--- Given data ---
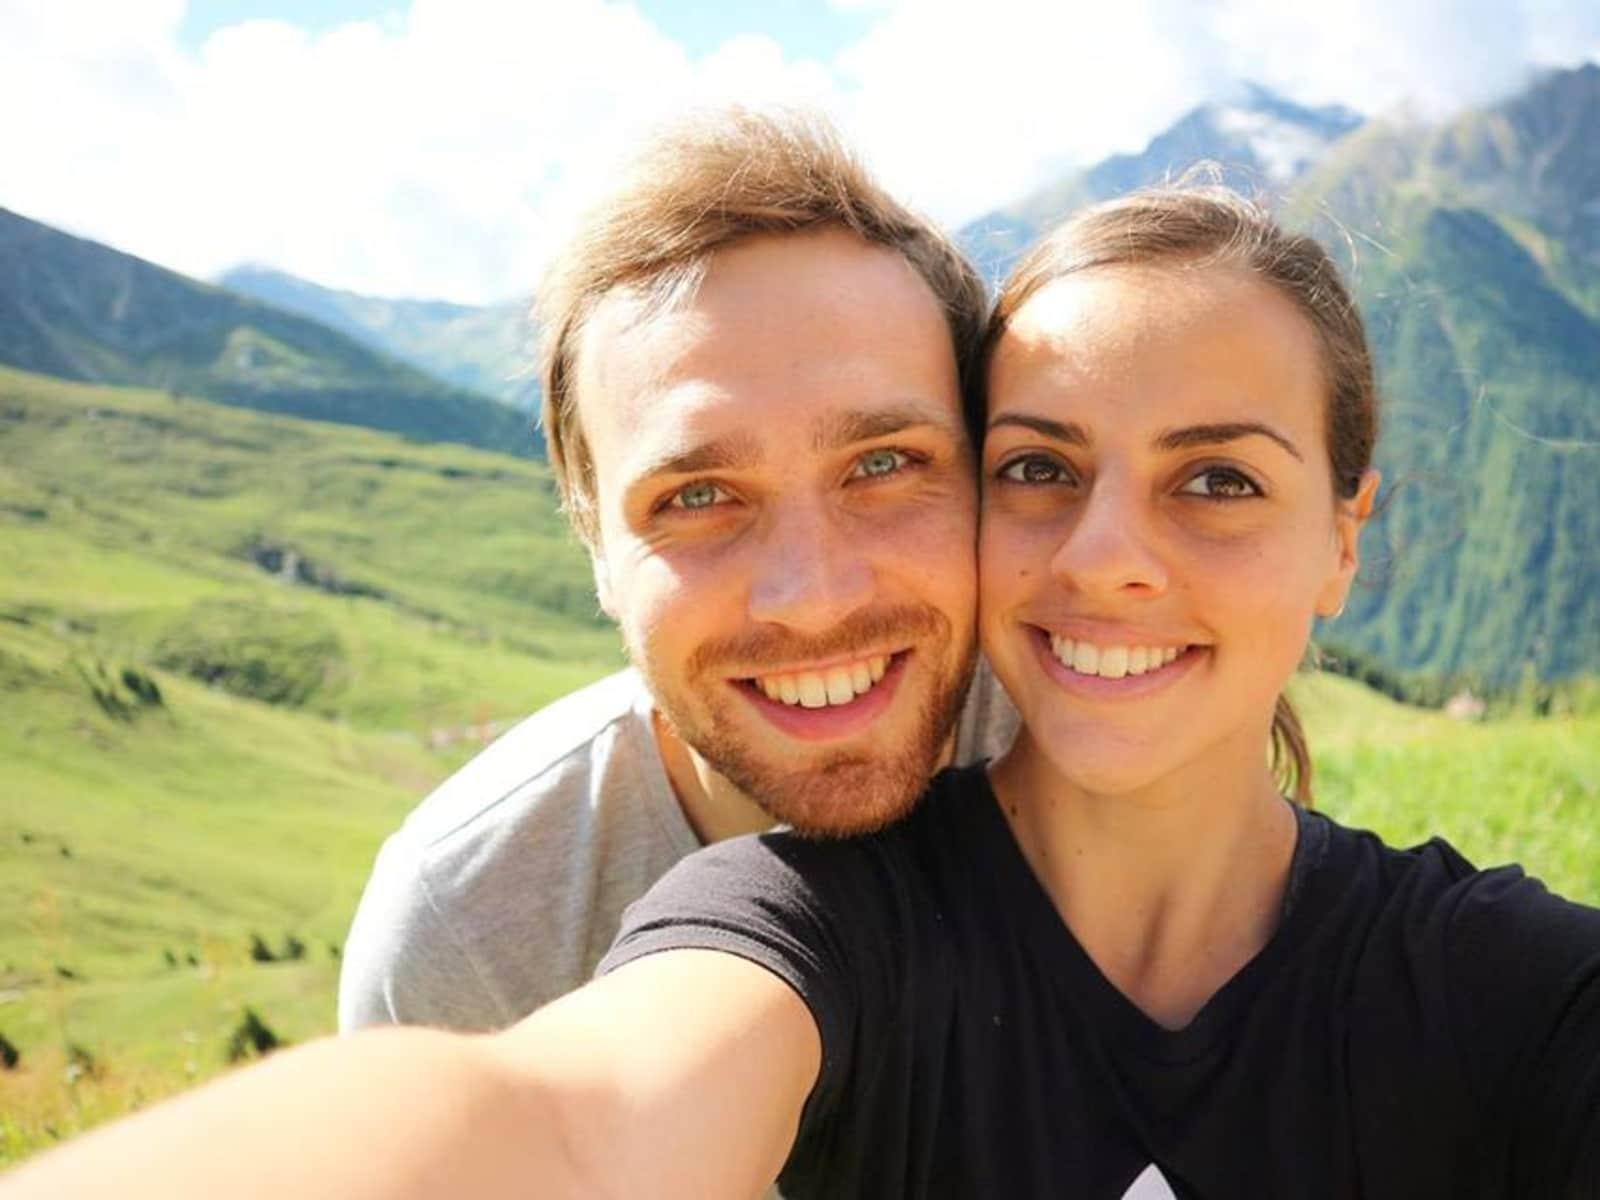 Jessica & Fabian from Vancouver, British Columbia, Canada
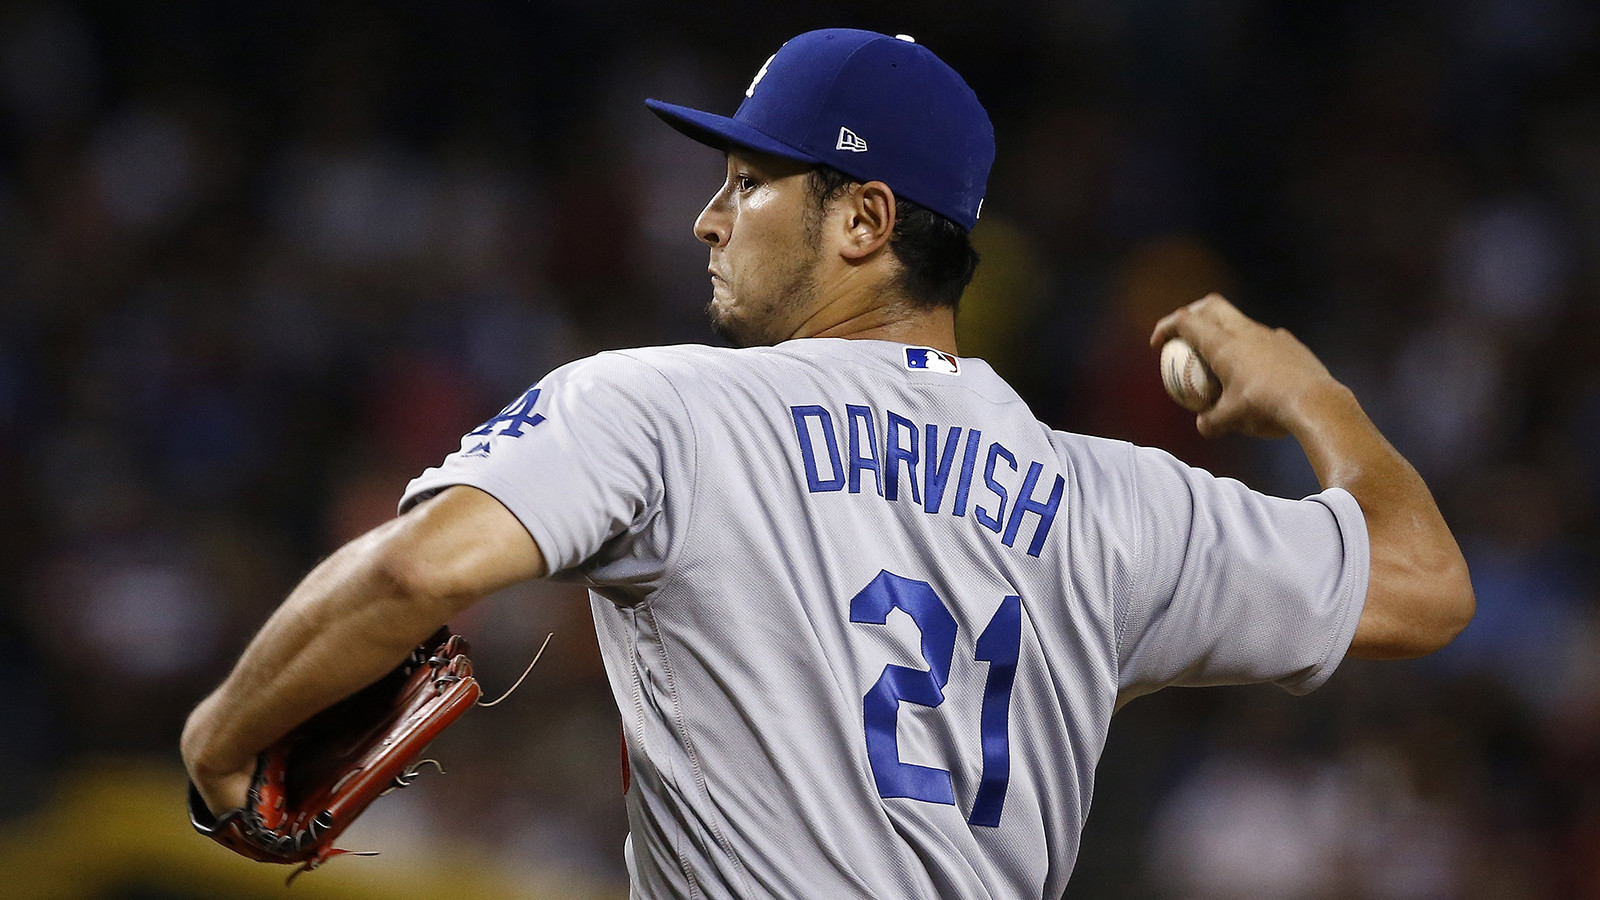 La-sp-dodgers-report-darvish-20170819
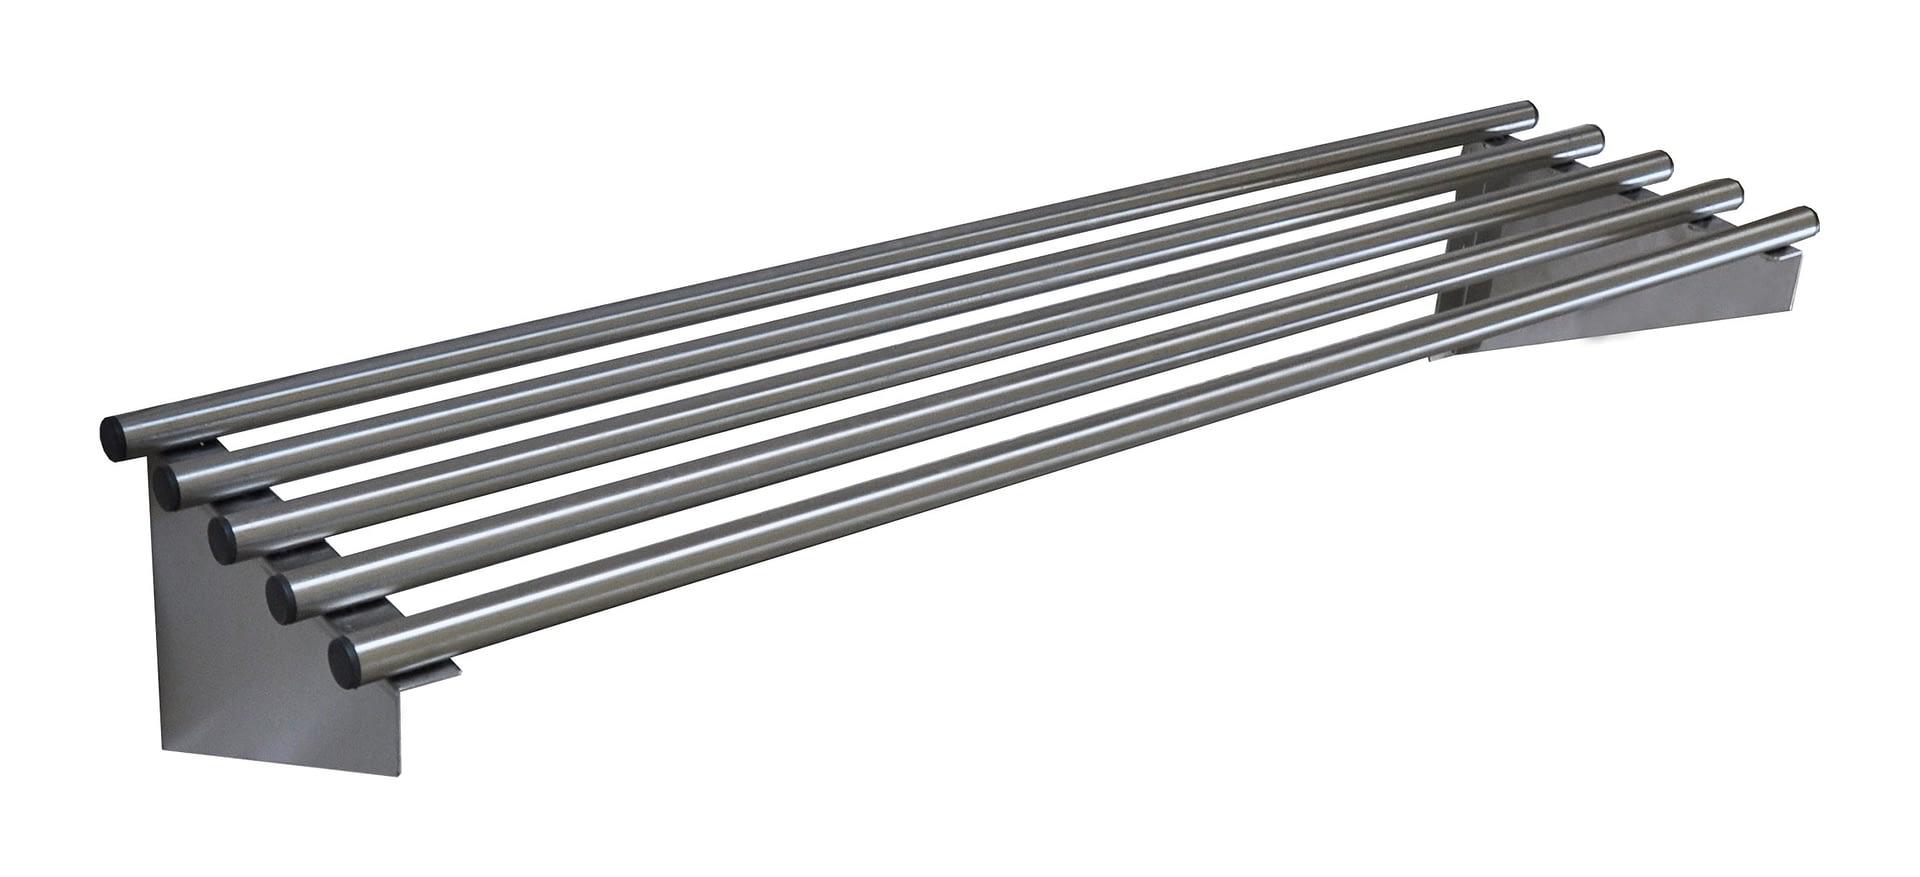 Stainless Steel Pipe Wall Shelf, 1200 X 300mm deep
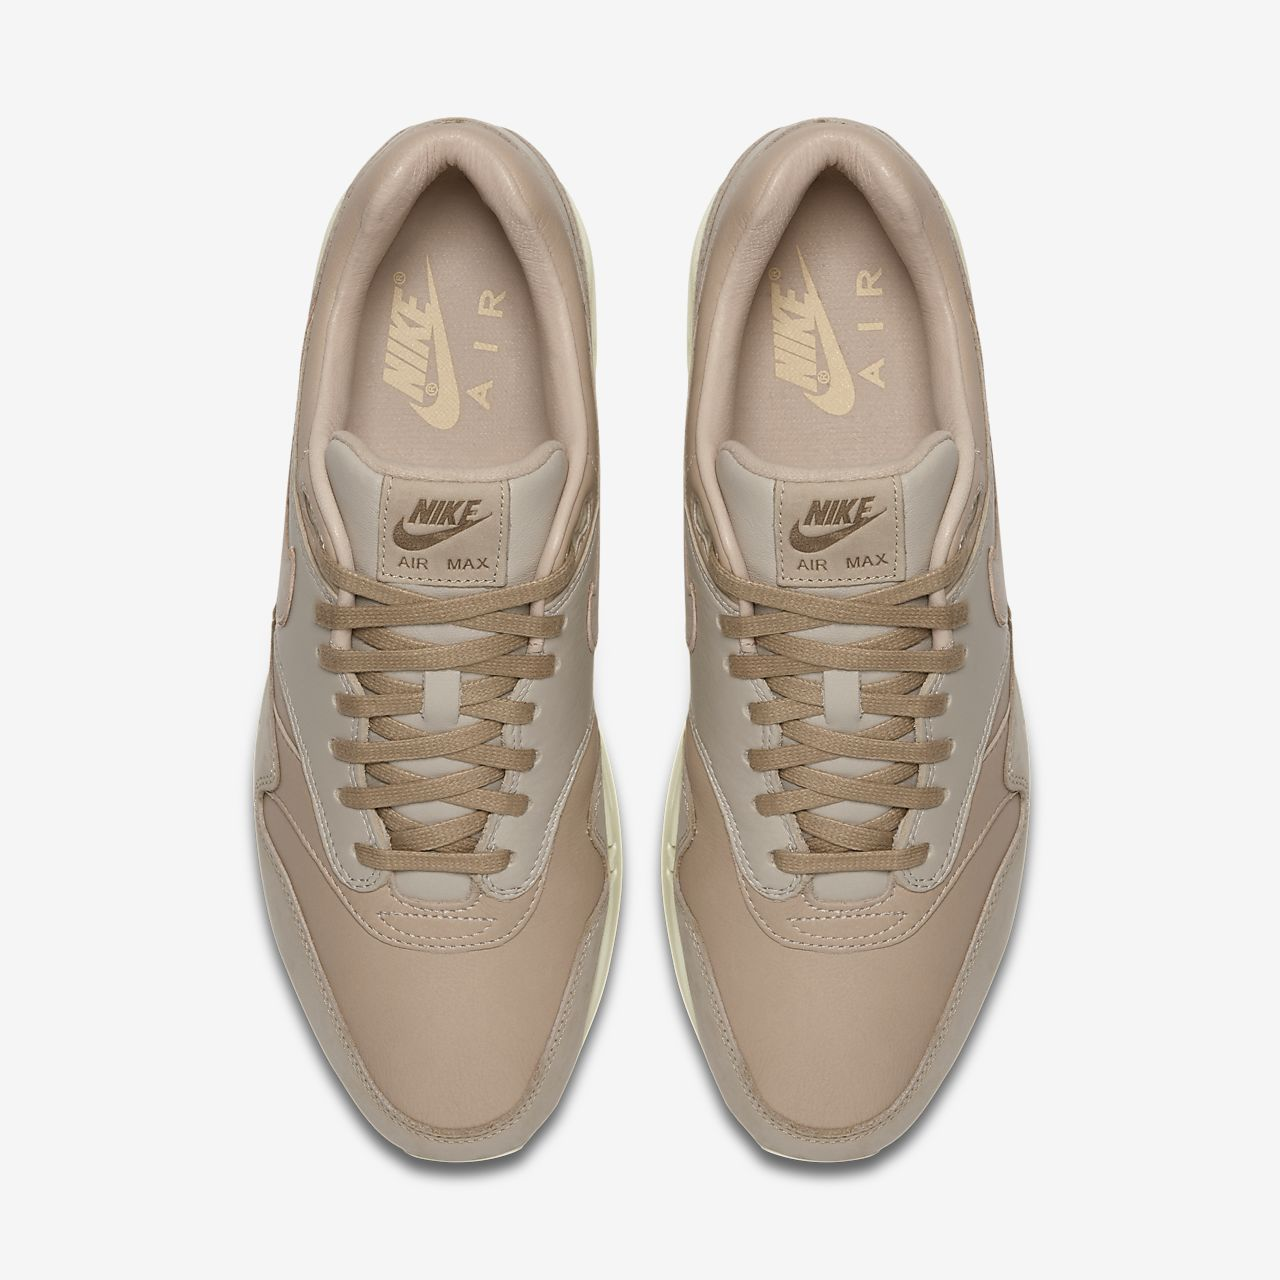 new product 07317 74edd ... Nike Air Max 1 Pinnacle Men s Shoe

--- Exercise ---
Return all of the material precisely as written. No picture belongs in it.

--- Answer to the exercise ---
 Jessica & Fabian from Vancouver, British Columbia, Canada
 La-sp-dodgers-report-darvish-20170819
 Stainless Steel Pipe Wall Shelf, 1200 X 300mm deep
 new product 07317 74edd ... Nike Air Max 1 Pinnacle Men s Shoe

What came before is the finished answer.